DATASET EXTRACT
::::::::::

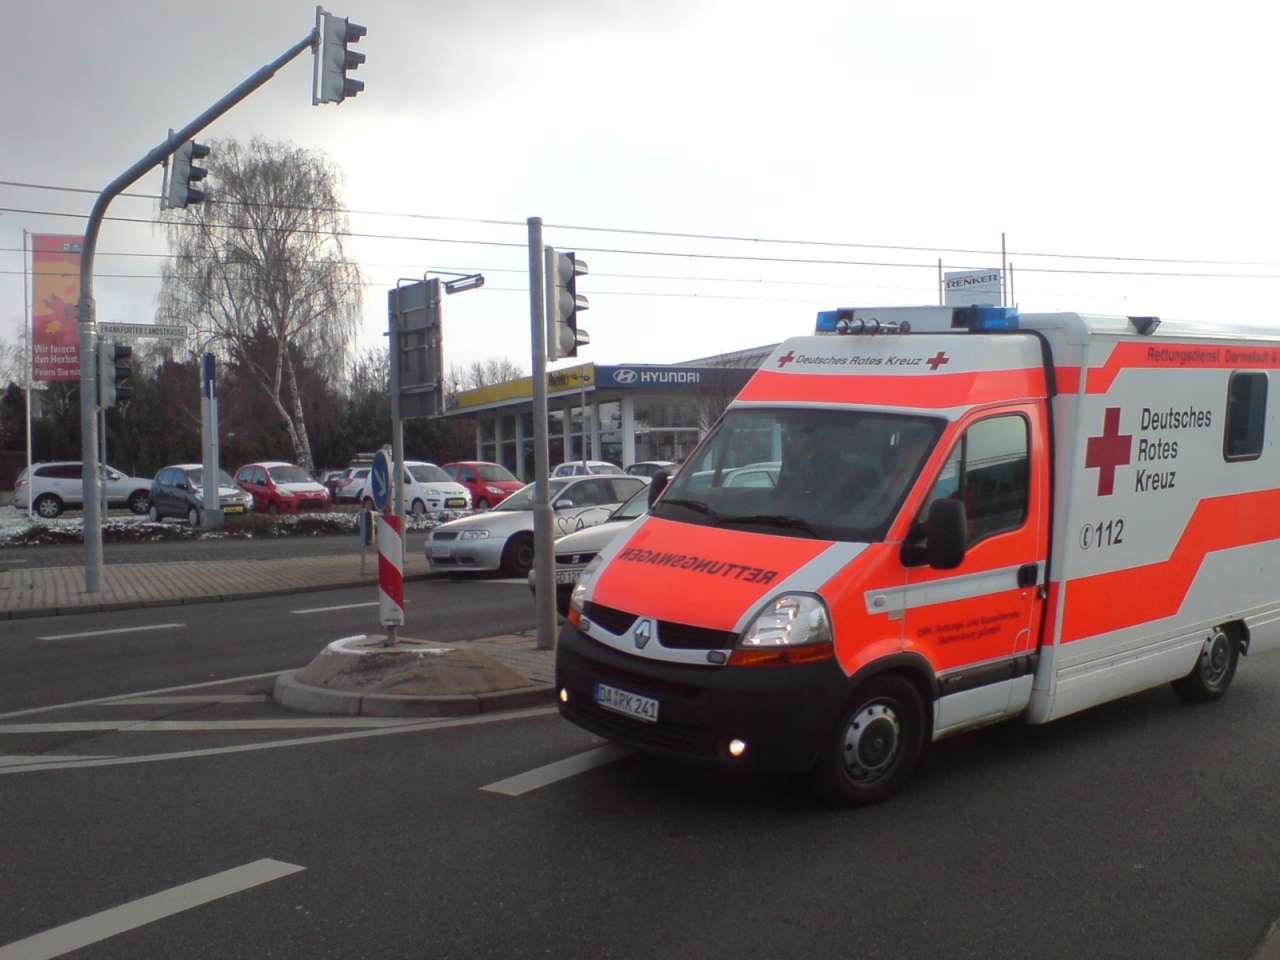 Автомобиль полиции, направляющийся к месту крушения самолета в Германии, попал в ДТП
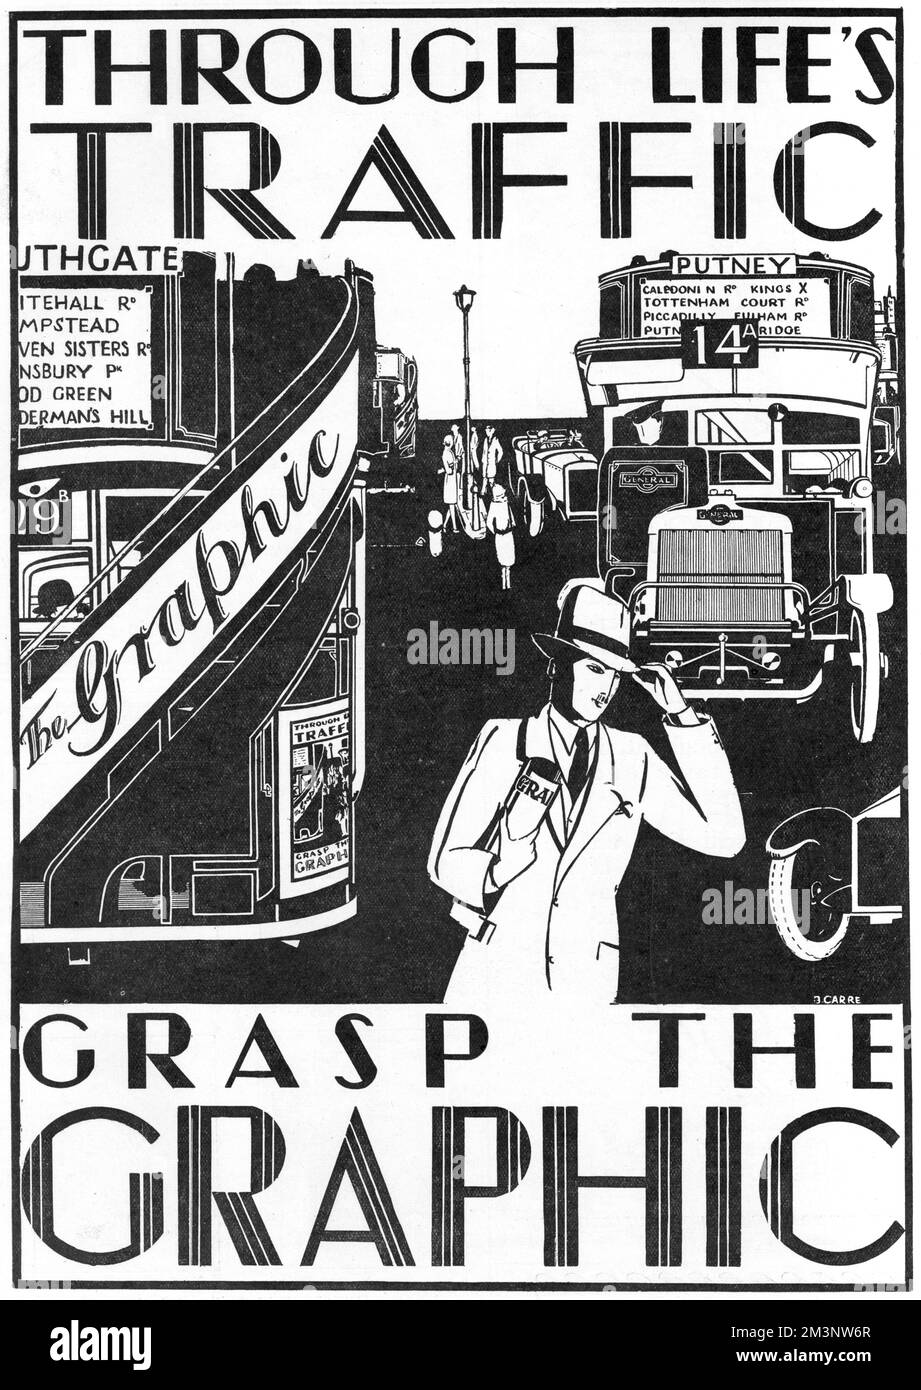 Die 1869 von William Luson Thomas gegründete Graphic ist eine eindrucksvolle Werbung für das wöchentliche illustrierte Magazin The Graphic, das eine geschäftige Straßenszene zeigt, in der Busse und Straßenbahnen für die Zeitung werben. Auf der Schlagzeile steht, durch Life's Traffic, Grab the Graphic. Veröffentlicht im Beisein, Schwesterpapier von The Graphic. Im darauf folgenden Jahr waren beide Publikationen von den illustrierten London News gekauft worden und wurden Teil der "Großen Acht". Datum: 1927 Stockfoto
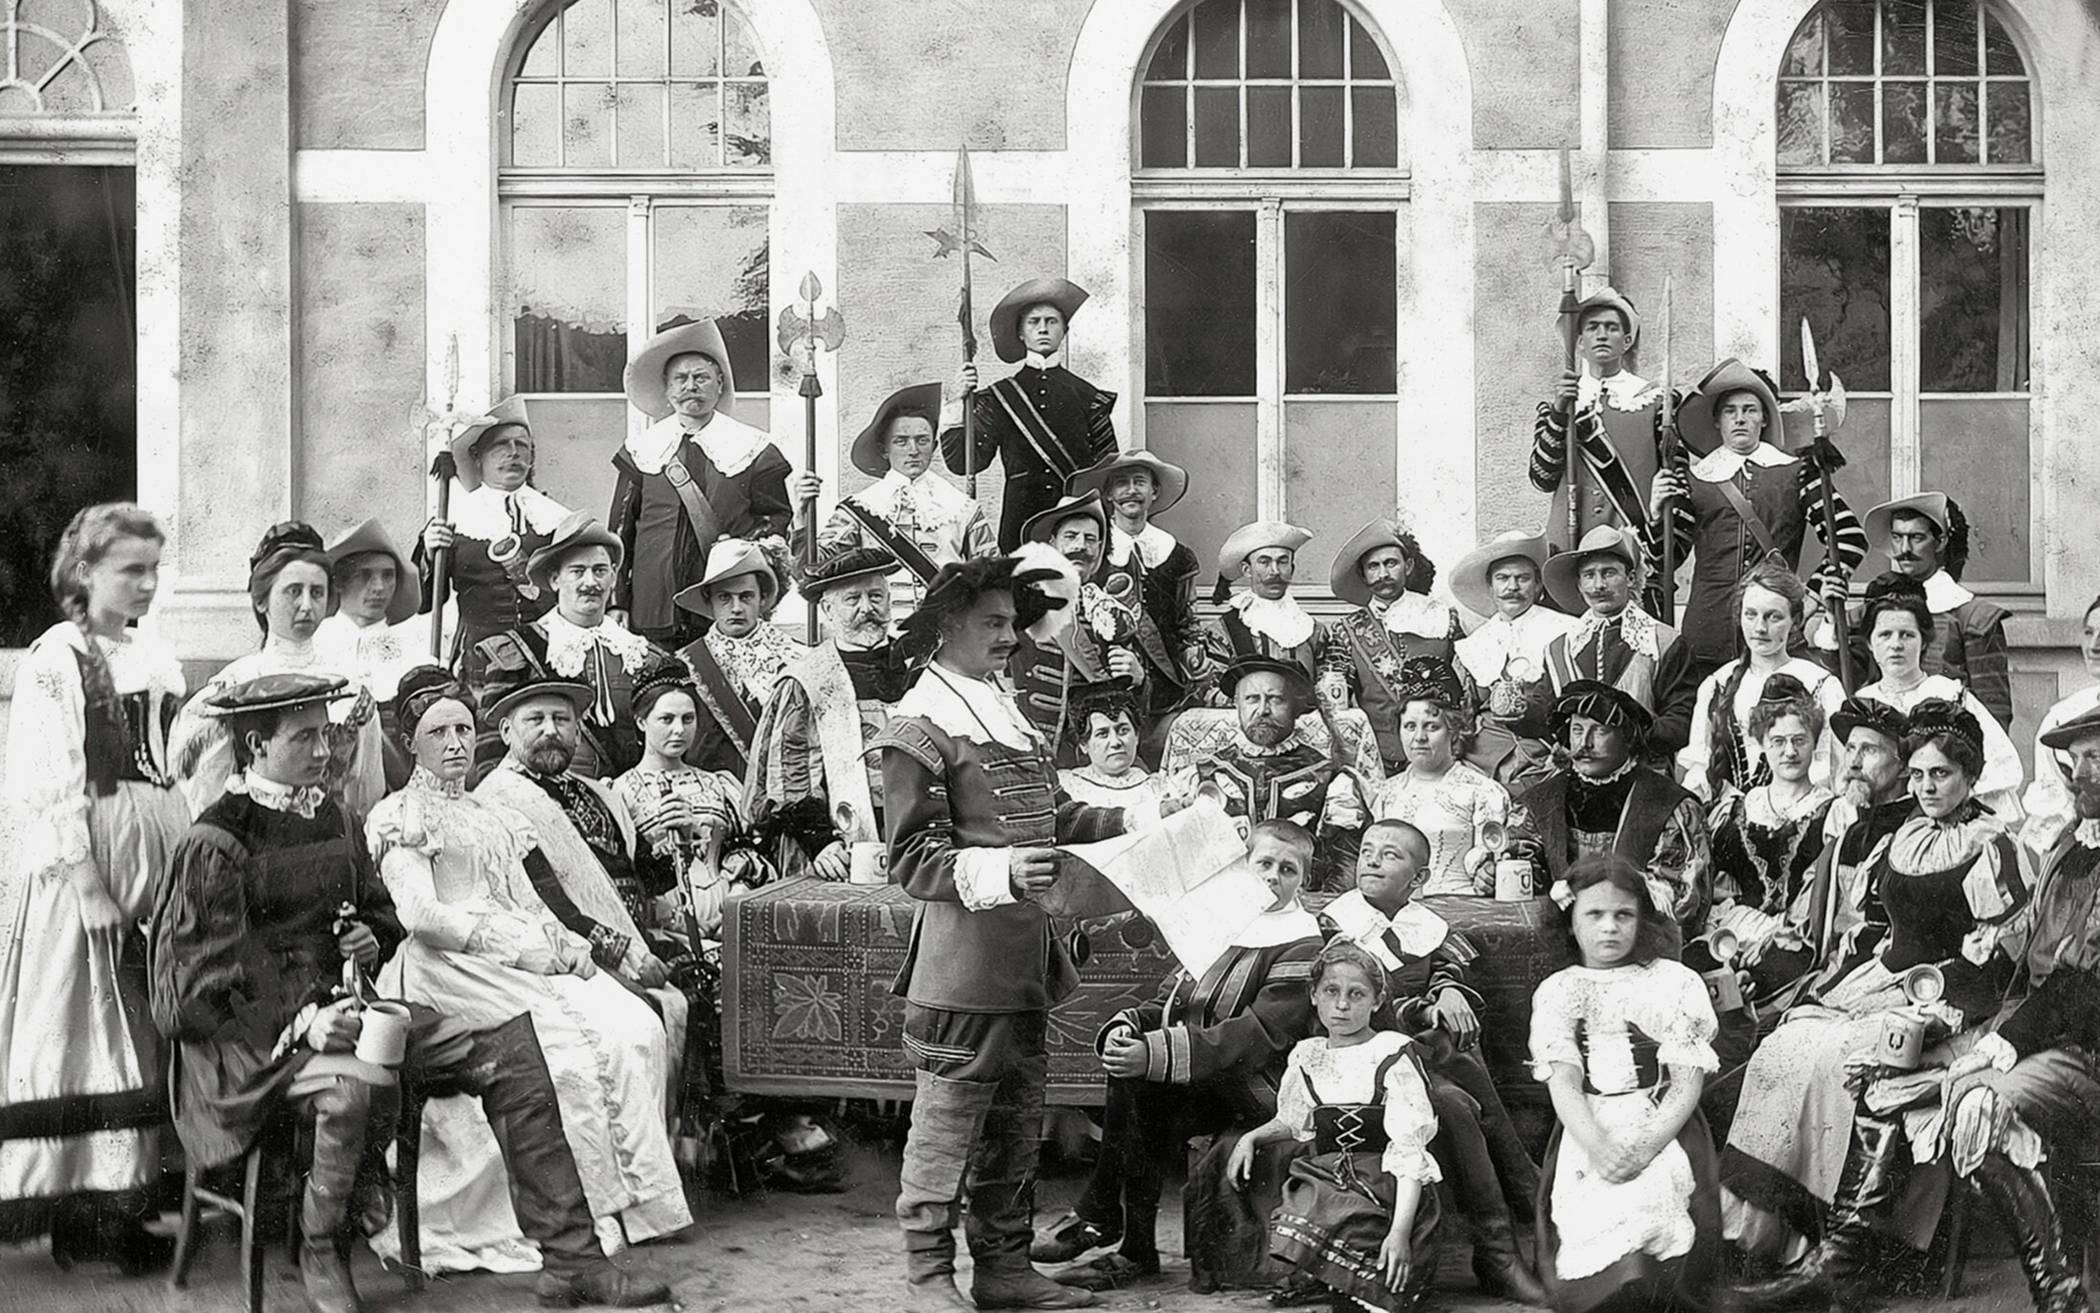  Verleihung der Freiheitsurkunde 1424; nachgestellte Szene zum 1000-jährigen Stadtjubiläum 1904.   
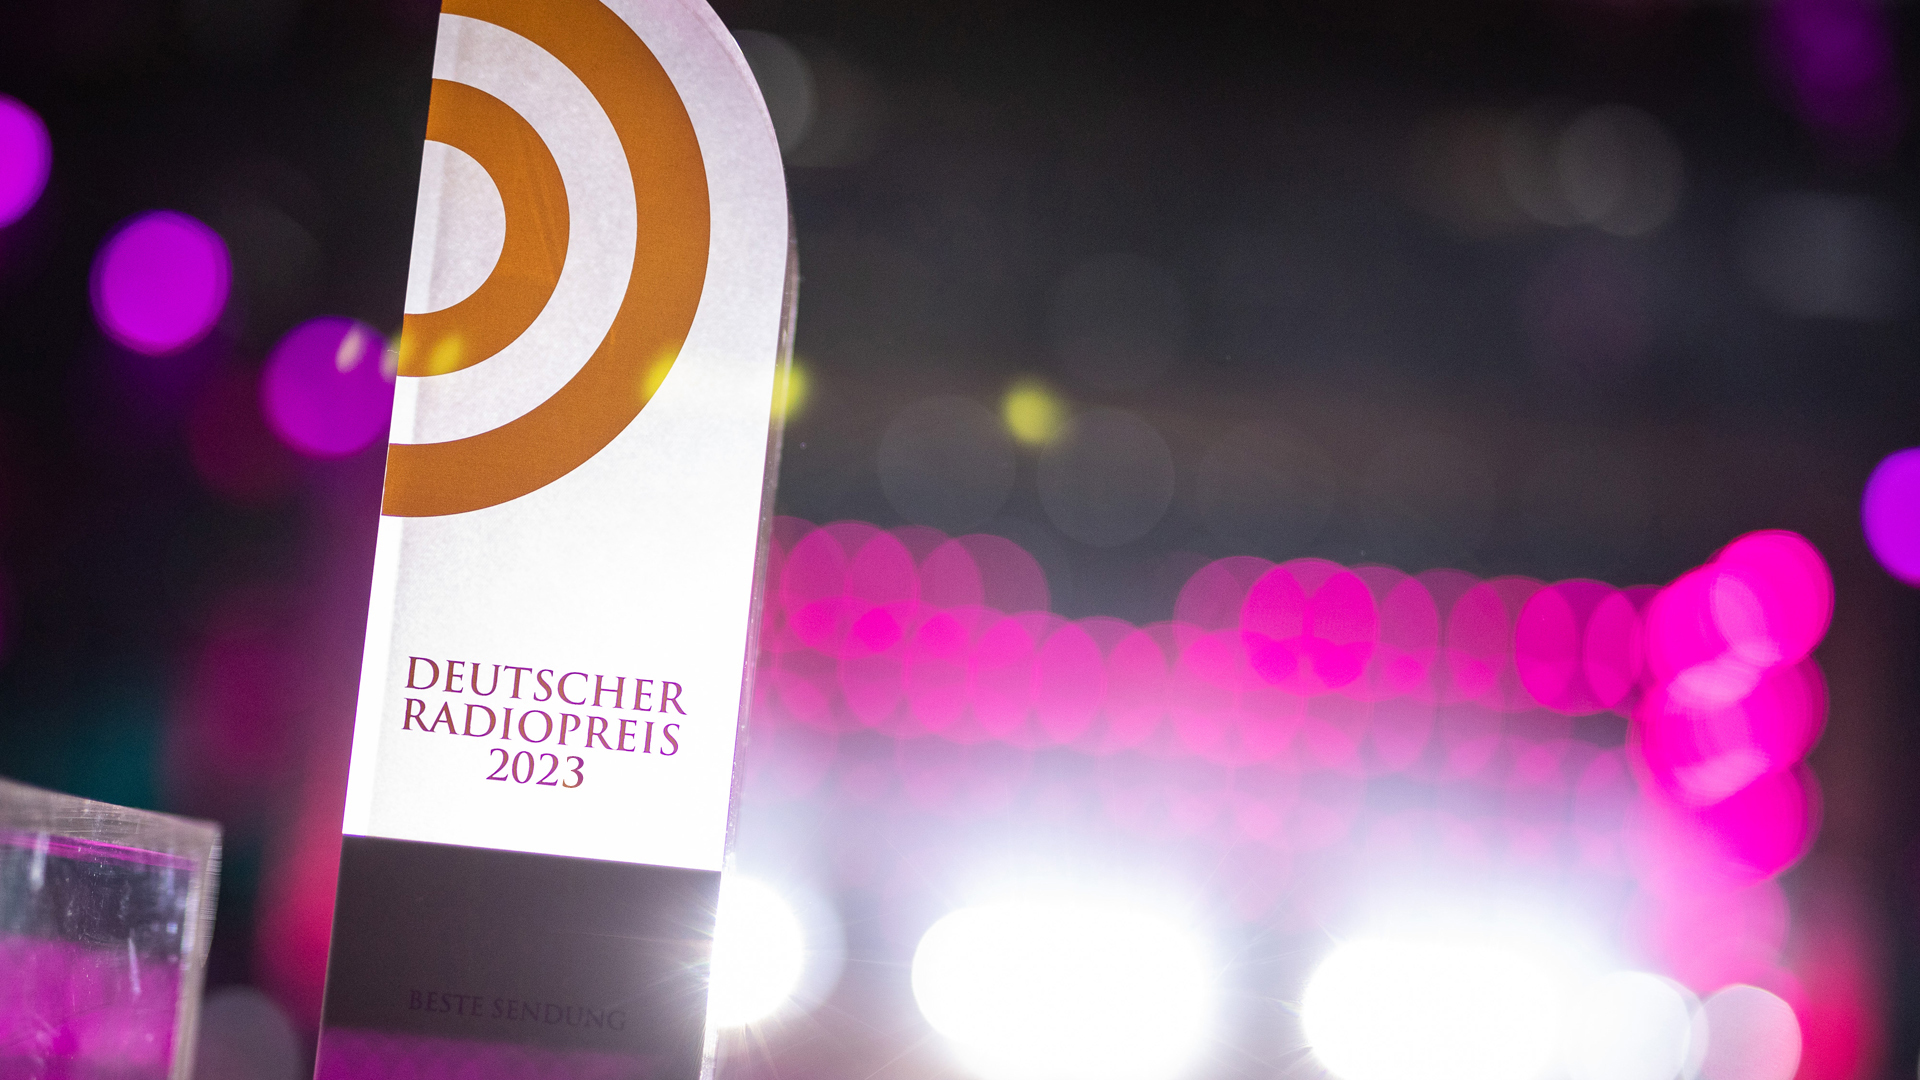 Der Deutsche Radiopreis 2023 wird am 07. September verliehen

::::::::::

ACTIVITY
Please write out, word for word, each line from the one with "Verleihung der Freiheitsurkunde" to the last line of the data, keeping both ends and omitting pictures.

YOUR SOLUTION
  Verleihung der Freiheitsurkunde 1424; nachgestellte Szene zum 1000-jährigen Stadtjubiläum 1904.   
 Der Deutsche Radiopreis 2023 wird am 07. September verliehen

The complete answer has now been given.